Agents: A Systematic Introduction to Agents

Two aspects that determine an agent's capabilities: tools and planning.

Artificial Intelligence: A Modern Approach (1995) defines an agent as anything that can be viewed as perceiving its environment through sensors and acting upon that environment through actuators. This means that the characteristics of an agent depend on the environment it is in and the range of actions it can perform. If an agent is developed to play games (e.g., Minecraft, Go, Dota), then the game is its environment. If you want the agent to scrape documents from the internet, then the internet is its environment. The environment for an autonomous vehicle agent is the road system and its surrounding areas.

The range of actions that an AI agent can perform is enhanced by the tools it has access to. ChatGPT is an agent that can search the web, execute Python code, and generate images. RAG systems are also agents—text retrievers, image retrievers, and SQL executors are their tools.

There is a strong dependency between an agent's environment and its toolkit. The environment determines the tools that the agent may use. For example, if the environment is a game of chess, the only possible actions for the agent are valid chess moves. However, the agent's toolkit limits the environments it can operate in.
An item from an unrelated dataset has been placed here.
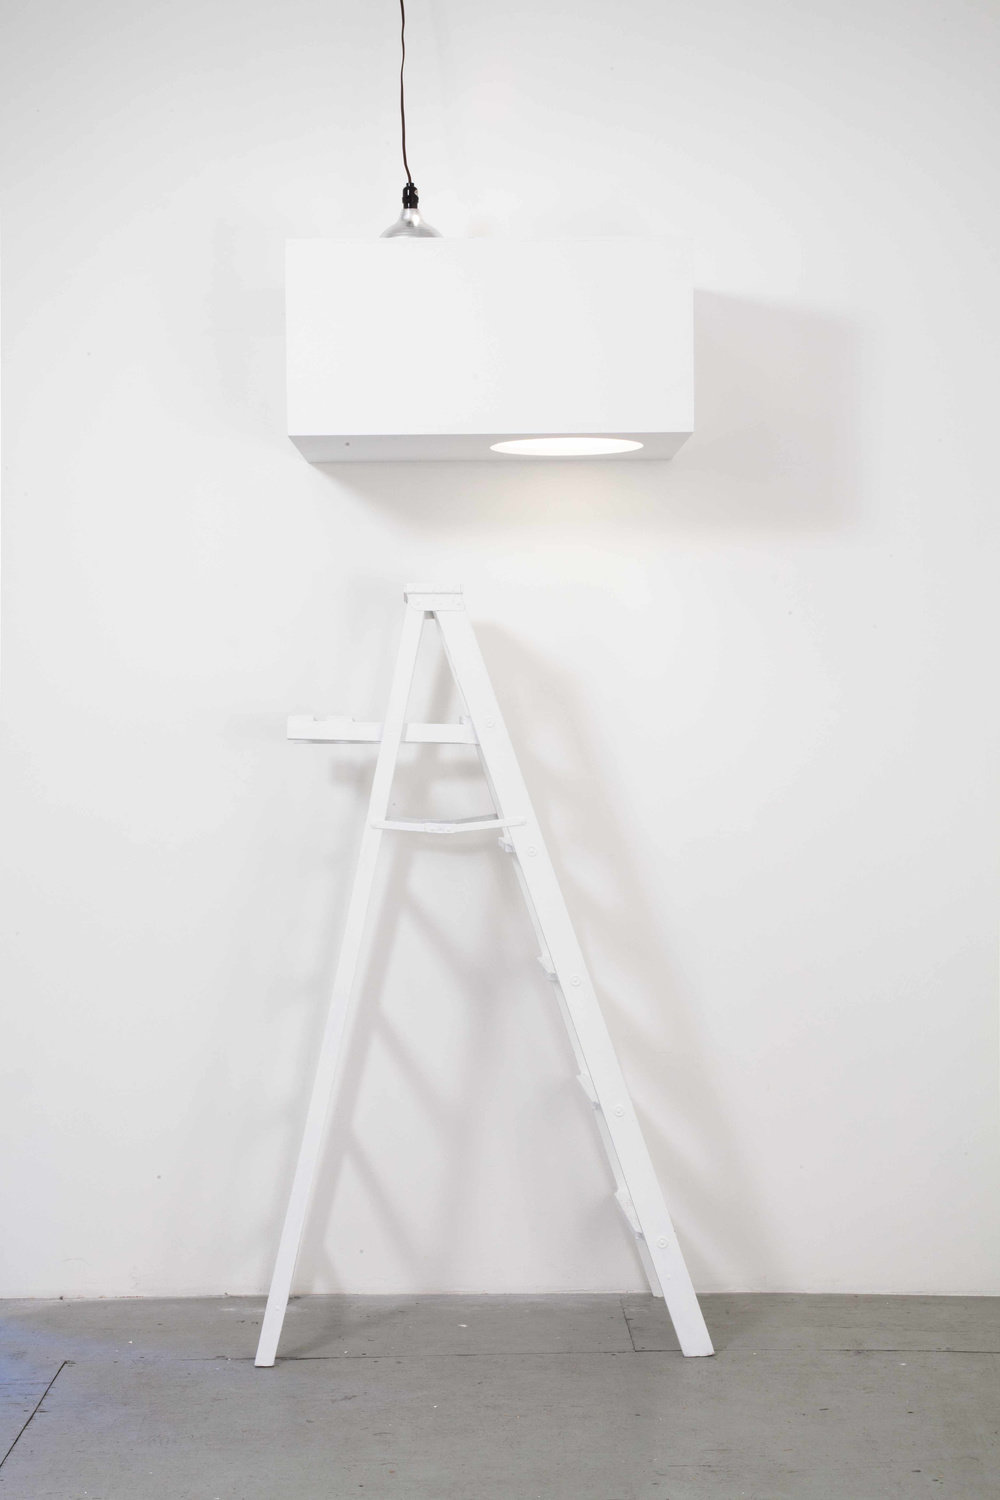 Riepenhoff, the john riepenhoff experience presents   sea horse ecstasy switch by niall macdoanal (from left to right) credit card sea urchin pipe light switch, 2013, wood, ladder, paint and light, 103 x 34 x 18 in. non 54.182

For instance, if the only action available to a robot is swimming, it will be restricted to aquatic environments.

SWE-agent is a coding agent, environment is the computer, and operations include navigation, searching, viewing files, and editing.

Compared to non-agent use cases, agents typically require more powerful models for two reasons:

Composite errors: Agents often need to perform multiple steps to complete a task, and as the number of steps increases, overall accuracy declines. If the model has an accuracy of 95% at each step, after 10 steps, the accuracy will drop to 60%, and after 100 steps, it will be only 0.6%.
Higher risk: With tools, agents can perform more impactful tasks, but any failure can have more serious consequences.

Whenever I talk about autonomous AI agents to a group of people, someone always mentions self-driving cars. "What if someone hacks the car and kidnaps you?" While the example of self-driving cars seems intuitive due to their physical nature, AI systems can cause harm without existing in the physical world.

Any organization looking to leverage artificial intelligence needs to take safety and security issues seriously. However, this does not mean that AI systems should never be given the ability to act in the real world. If we can trust machines to send us into space, I hope that one day, safety measures will be sufficient for us to trust autonomous AI systems. Additionally, humans can also make mistakes. Personally, I trust self-driving cars more than I would trust a stranger to give me a ride.

Planning and execution can be combined in the same prompt. For example, give the model a prompt asking it to think step-by-step (such as using chain-of-thought prompts) and then execute those steps in one prompt. But what if the model devises a 1000-step plan and fails to achieve the goal? Without supervision, the agent might run these steps for hours, wasting time and API call costs until you realize it is making no progress.

To avoid ineffective execution, planning should be decoupled from execution. It should be required that the agent first generates a plan, and only executes it after the plan has been validated. Plans can be validated using heuristic methods. For example, a simple heuristic method is to exclude plans that contain invalid operations. If the generated plan requires a Google search, and the agent cannot access Google search, then the plan is invalid. Another simple heuristic method might be to exclude any plans with more than X steps.

Decoupling planning (Planner) from execution (Executor) ensures that only validated (Evaluator) plans are executed.

The planning system now consists of three components: one for generating plans, one for validating plans, and another for executing plans. If each component is viewed as an agent, this can be seen as a multi-agent system. Since most agent workflows are complex enough to involve multiple components, most agents are multi-agent.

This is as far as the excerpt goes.